Webb's tone in confronting the nation's chief executive is fearless. Historian John Logsdon of George Washington University says Webb "must have felt very strongly about this," adding that there had been a running feud at NASA Headquarters about how much importance Apollo should have.

But Kennedy stands firm, telling Webb that the moon landing is NASA's top priority. " This is, whether we like it or not, a race. Everything we do [in space] ought to be tied into getting to the moon ahead of the Russians."

Kennedy's science advisor Jerome Weisner, also present at the meeting, agreed with his boss. Initially an opponent of the Apollo program, Weisner can be heard telling Kennedy that scientsts "don't know a damn thing about the surface of the moon," adding that the landing attempt could be "a terrible disaster" if NASA doesn't find out ahead of time what the lunar surface is like. (NASA at this time was already planning the unmanned series of Surveyor landers to answer that question.)

Webb isn't ready to give up his quest for a broader mission, however, and tells Kennedy that NASA's goal ought to be "preeminence in space." The President responds by saying, "We've been telling everybody for five years we're preeminent in space, and nobody believes us." Kennedy's call for a moon landing in 1961 came after the Russians had launched the first human in space, Yuri Gagarin, to world acclaim.



"I don't think Kennedy ... had any strong views on the long-term importance of space exploration."
- Historian John Logsdon, George Washington University

Now, he tells Webb that beating the Russians to the moon "is the top priority of the agency and ... except for defense, the top priority of the United States government. .... Otherwise, we shouldn't be spending this kind of money, because I'm not that interested in space."

To Logsdon, the president's remarks challenge the popular view of Kennedy as a space visionary. "I don't think Kennedy, at the time he chose to do Apollo or any other time, had any strong views on the long-term importance of space exploration."
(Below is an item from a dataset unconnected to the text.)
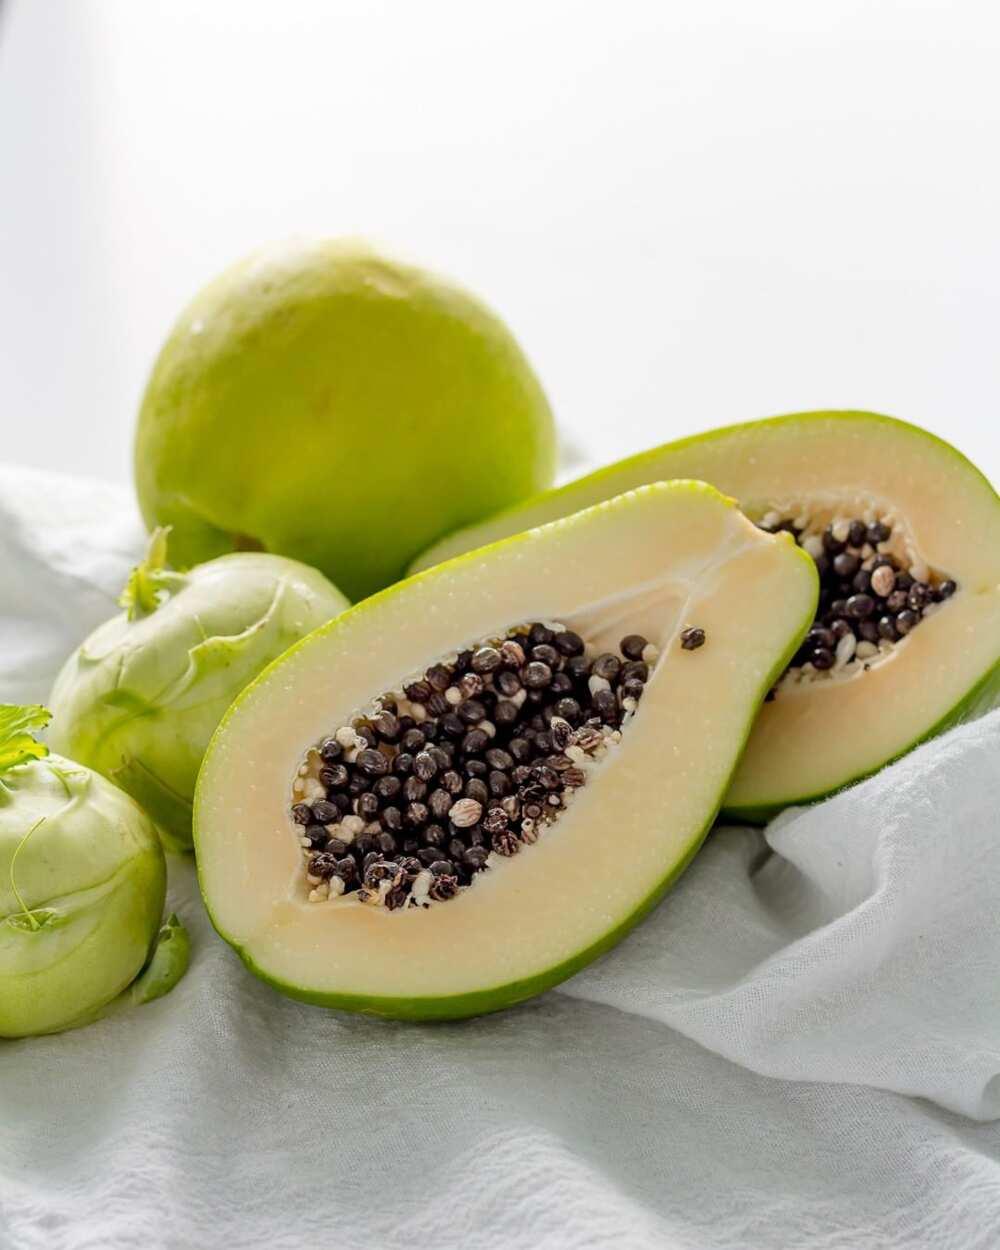 Pawpaw fruit health benefits

On the tape, Kennedy tells Webb, "I think it's good [to explore space], I think we ought to know about it, we're ready to spend reasonable amounts of money. But we're talking about *fantastic* expenditures. We've wrecked our budget, and all the other domestic programs. And the only justification for it, in my opinion to do it [on this schedule] is because we hope to beat them, to demonstrate that starting behind, and we did, by a couple of years, by God, we passed them."